Now comes Auditor Doug Hoffer with all kinds of cheery news about the Agency of Transportation’s road construction effort. His latest performance audit takes a look at VTrans’ work in cost and scheduling of paving projects, and he didn’t find much for former contractor and now Governor Phil Scott to be proud of.
In fact, Scott ought to be embarrassed.
(Full report downloadable here.)
Hoffer looked at 14 major paving projects and found… “significant deviations” in project scheduling, especially in the preliminary engineering phase; “a lack of consistent record-keeping” that made it difficult to determine why delays took place; a lack of performance metrics for scheduling; and while VTrans did fairly well with simpler projects,
… for the more complex projects, VTrans always exceeded the initial cost estimates provided to the Legislature by more than 50 percent and completed them up to six years late.
That sounds like abject failure to me.
The state of Vermont spends big money on road paving. Hoffer points out that Scott’s 2024 budget calls for $141.6 million in paving in the next fiscal year alone. With that kind of cash in play, Hoffer says the need for effective management is paramount.
And you’d think a lifelong construction contractor like, um, Phil Scott would be fully aware of this. Then again, he’s proven orepeatedly that he’s willing to settle for comfortable mediocrity in his top officials. Joe Flynn has been VTrans secretary since Day One of the Scott administration. Yep, he’s been on the job for more than six years and is reponsible for all the defects Hoffer found in the agency’s management of major road projects.
Flynn’s reponse, included in Hoffer’s audit report, contains little to no of the customary defiance and insistence that things are perfectly fine that normally suffuses the administration’s response to a Hoffer audit. If anything, Flynn comes across as more than a bit chastened.
Flynn does make a show of describing the complexity of VTrans’ work: “VTrans project managers are constantly managing numerous projects, often designing and delivering more than 20 projects annually.” He describes how road projects have gotten more complicated in recent years and that projects are constantly changing, and emphasizes that his agency has done a pretty good job of keeping Vermont’s roads in good shape.
But he doesn’t try to explain away Hoffer’s findings or insist that his agency is already fixing the problems. He sees the audit as “an “an opportunity to understand and make improvements, and described how his team will address Hoffer’s three main recommendations: Create a process to consistently record what caused cost and schedule deviations, and implement processes to determine the causes of cost and schedule deviations.
In closing, Flynn says his agency “appreciates the work” that went into Hoffer’s report and “accepts” its findings on documentation of project estimates and schedules. It’s about as close to unconditional surrender as you’ll see in an official response to a Hoffer audit.
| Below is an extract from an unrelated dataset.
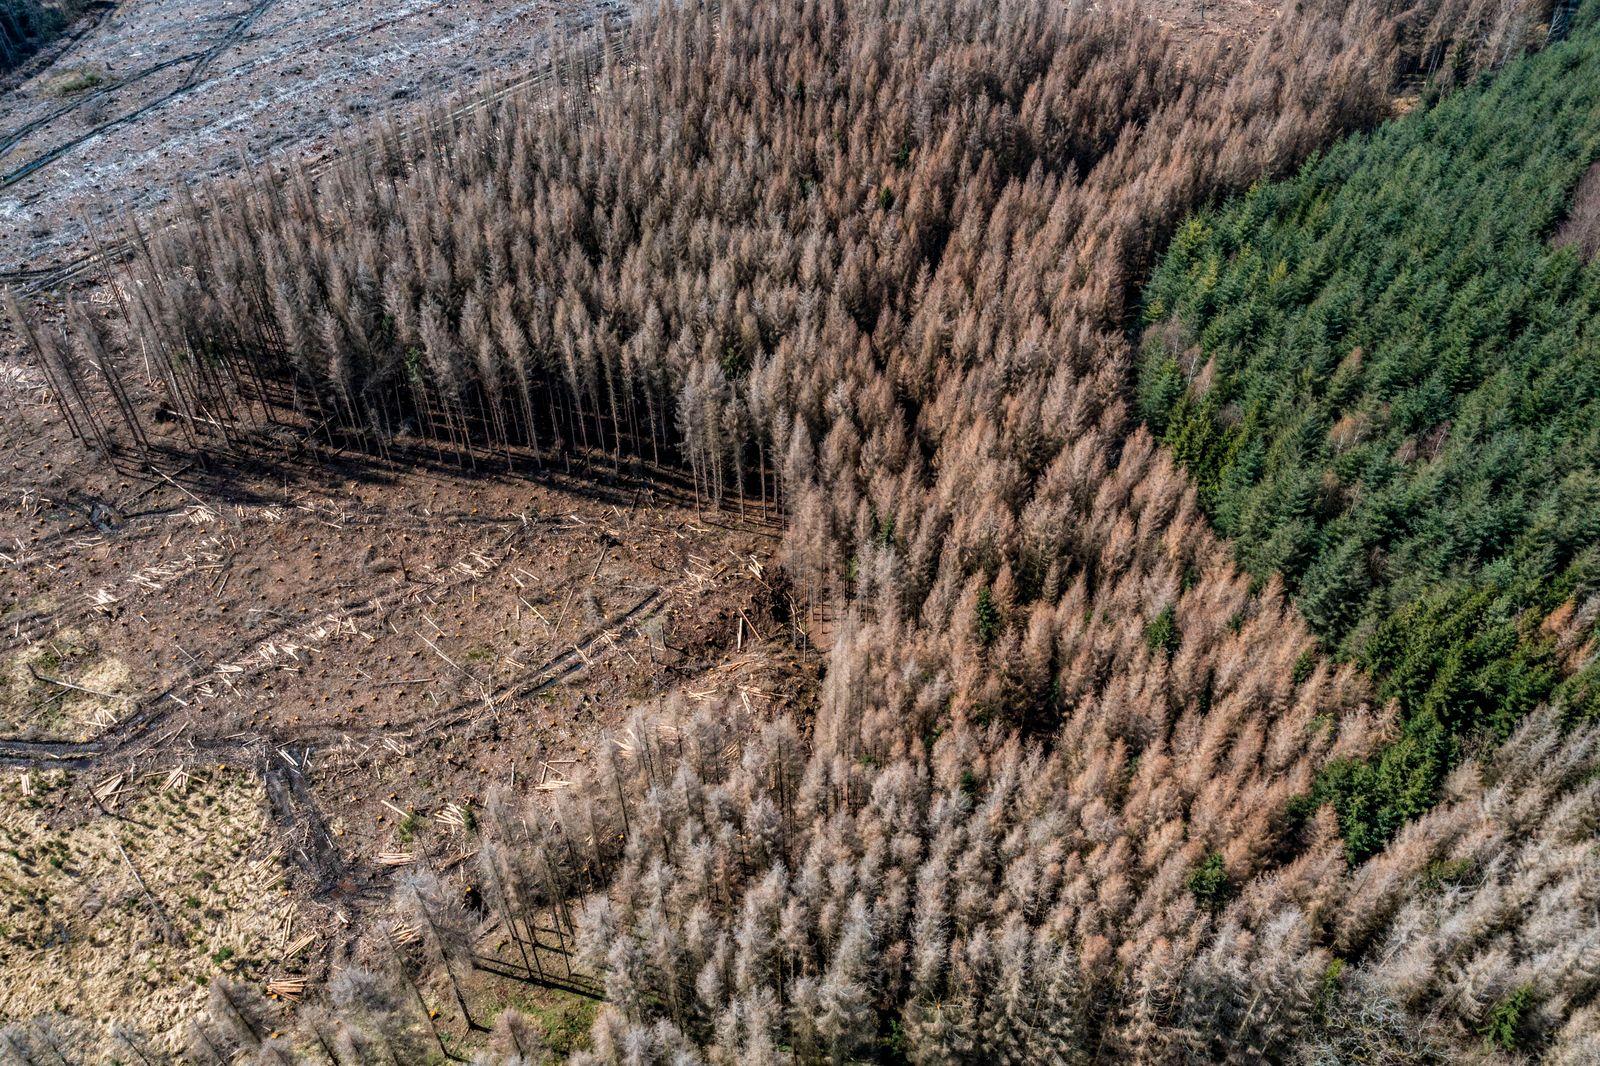 Gebiet im Arnsberger Wald bei Warstein-Sichtigvor, Kreis Soest, Gelände eines Fichtenwald der auf Grund von starken Bork

As I noted above, you’d think Scott, of all people, would expect nothing less than the best from his transportation officials. The only question about Flynn, in my mind, is did he enable this inadequate performance or did he simply accept flaws that already existed when he took over the agency?
Also, Hoffer notes that the administration has a specific goal of doing better in this area.
The Governor’s State Strategic Plan includes the goal of improving “transportation project planning” by continuously improving “project development efficiency by reducing the time and cost for planning, engineering, permitting, right-of-way acquisition and construction management.”
This could be grounds for a, shall we say, reassessment of Flynn’s position in the administration. Given Scott’s well-established predilection to rely on familiar faces and rarely, if ever, impose consequences on top officials who don’t do the job, Flynn is more likely to get a pat on the shoulder and an “Attaboy” than to see his tenure come to a premature end.
After all, this is the governor who just bestowed a judicial appointment on a prosecutor who, in the words of another judge, showed “a pattern of neglect” in providing evidence to defense counsel.
But hey, Flynn says he’ll do better from now on, so go get ’em, big guy.
The more liberal the state government, the more their infrastructure suffers. Why? Feel-good social programs get all the money so liberals can build their voting power base. Needed repairs keep getting put off. There is a sad lack of accountability. Phil Scott is a liberal, the R notwithstanding. Don’t just blame him. The liberalism of Vermont is to blame right across the board.
“The liberalism of Vermont is to blame right across the board.”
Well, I didn’t see that this was liberal or conservative issue. Overall, it looked like some interesting management deficiencies by a Republican governor and members of his administration, appointed by him, both conservatives, who got caught at it by our progressive state auditor. This auditor was re-elected by a majority of Vermont voters to do precisely what he did here.